THE PROBLEM => Go through the listing below, and from the line containing "Christmas Tree Ornaments" through its last line, transcribe every line exactly, skipping pictures.

== INFORMATION PROVIDED

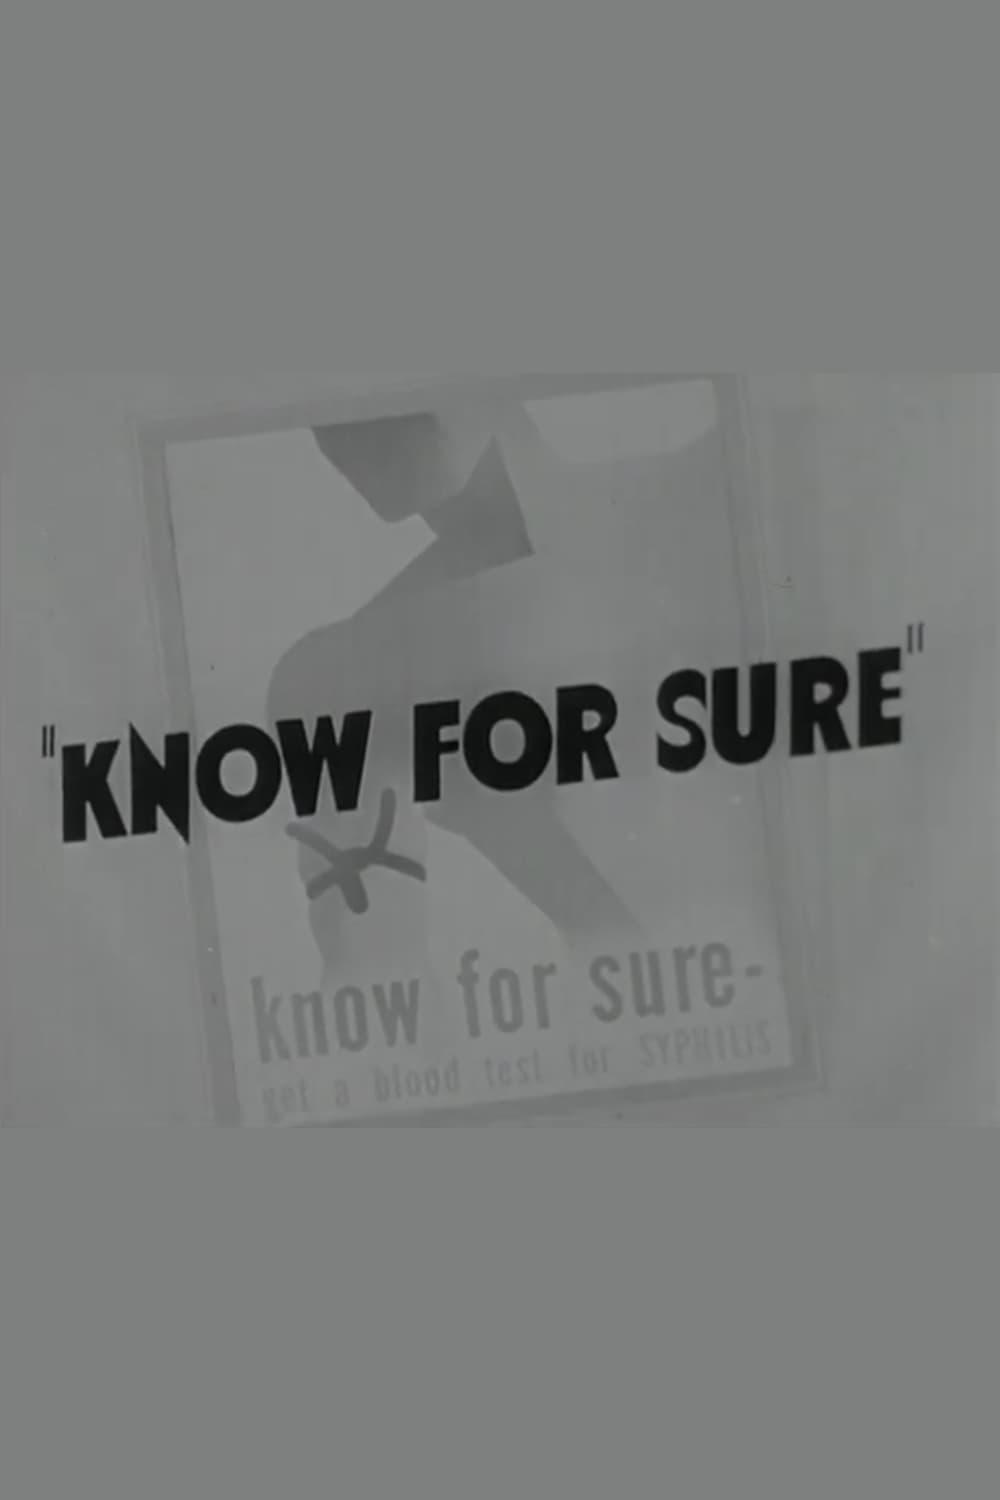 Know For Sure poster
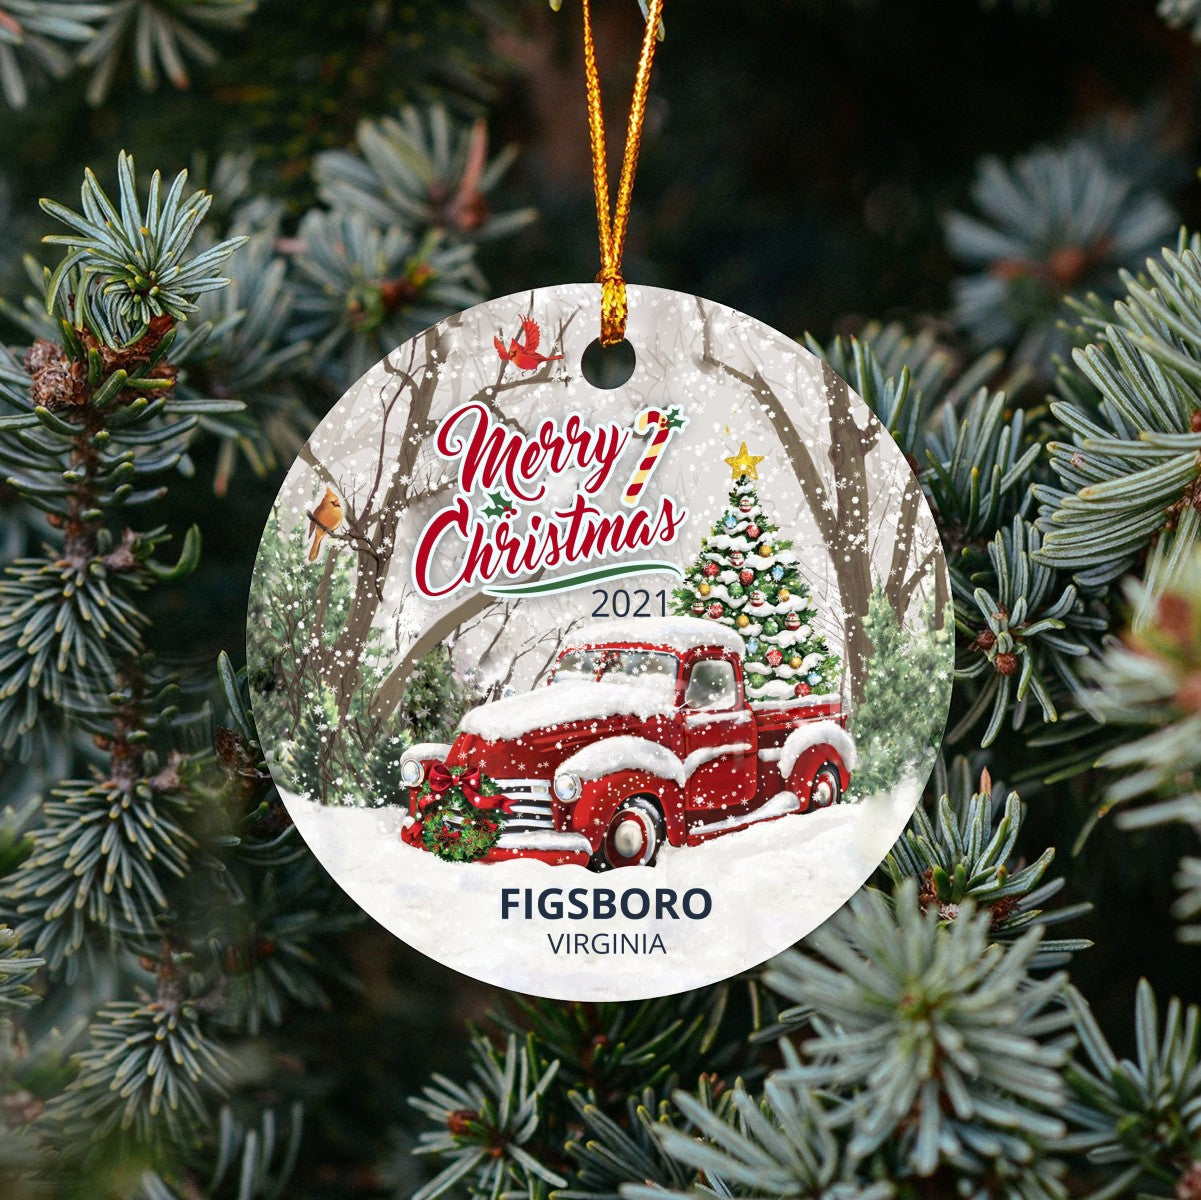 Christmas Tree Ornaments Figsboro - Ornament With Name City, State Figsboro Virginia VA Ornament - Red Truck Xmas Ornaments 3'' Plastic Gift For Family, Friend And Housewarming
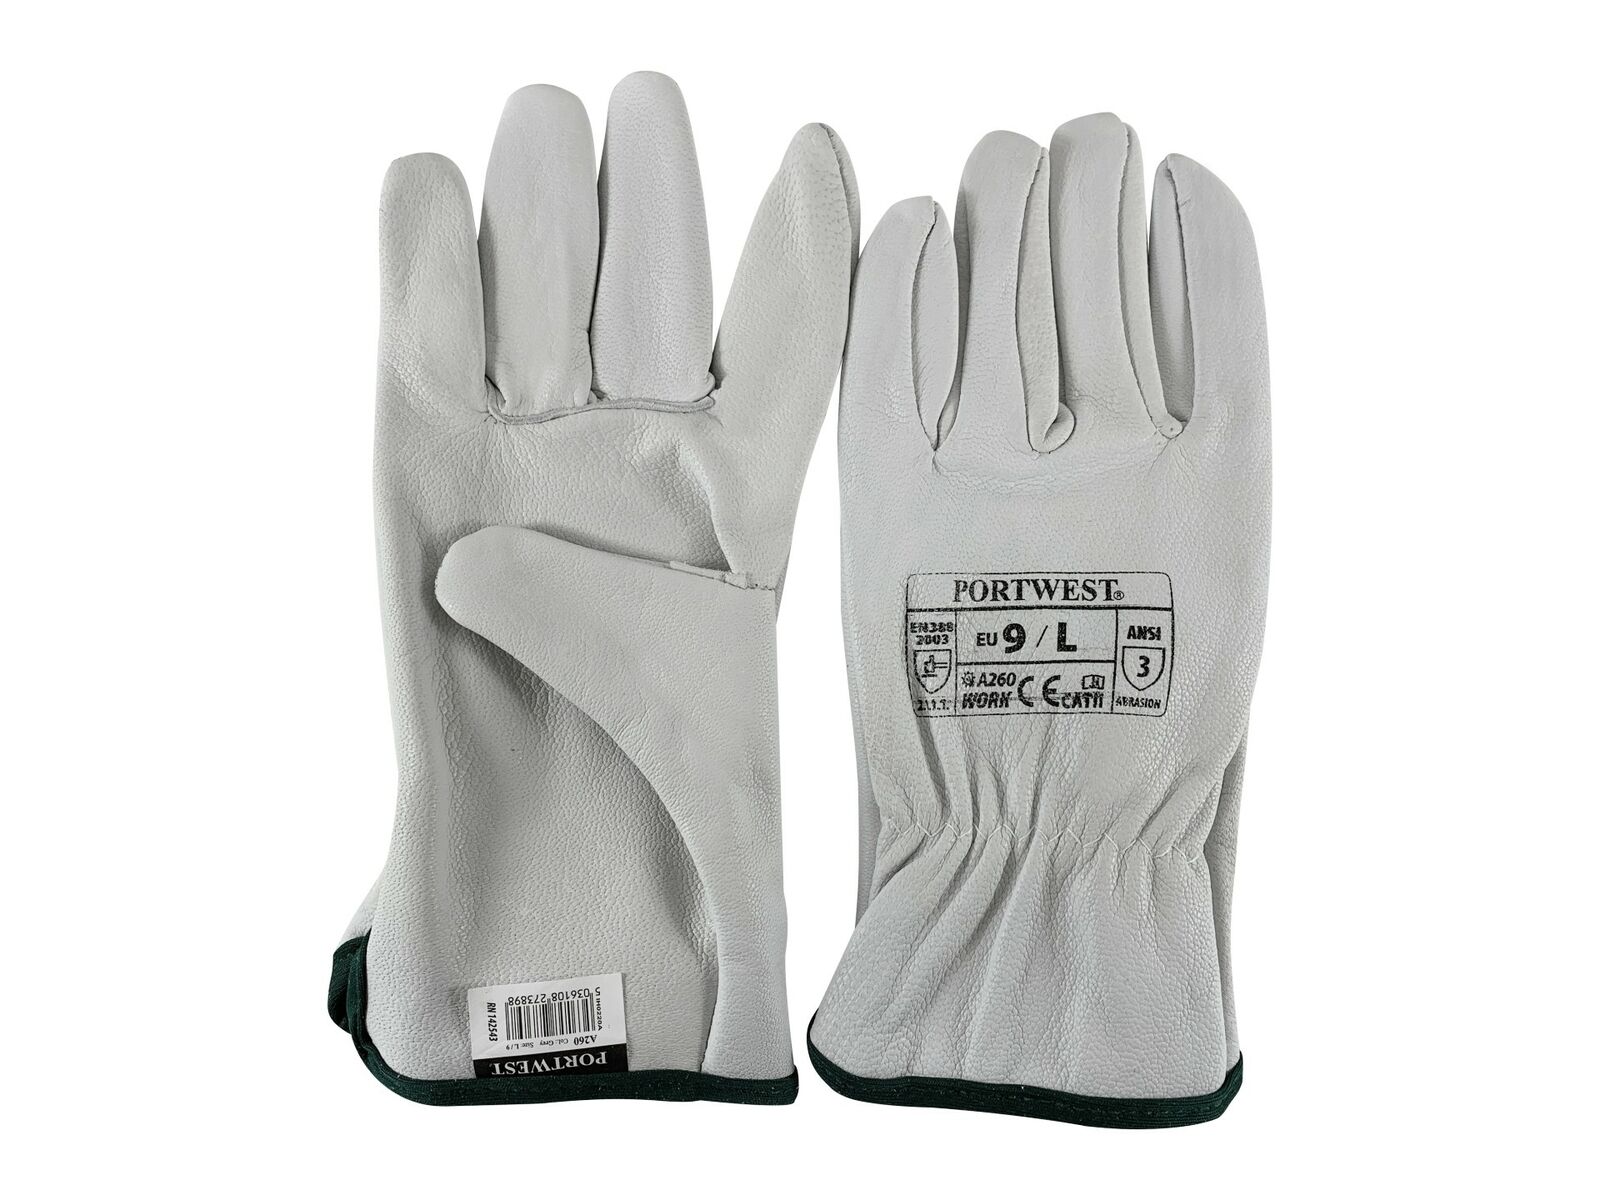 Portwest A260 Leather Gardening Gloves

====

ANSWER FOR THE TASK =>
 Christmas Tree Ornaments Figsboro - Ornament With Name City, State Figsboro Virginia VA Ornament - Red Truck Xmas Ornaments 3'' Plastic Gift For Family, Friend And Housewarming
 Portwest A260 Leather Gardening Gloves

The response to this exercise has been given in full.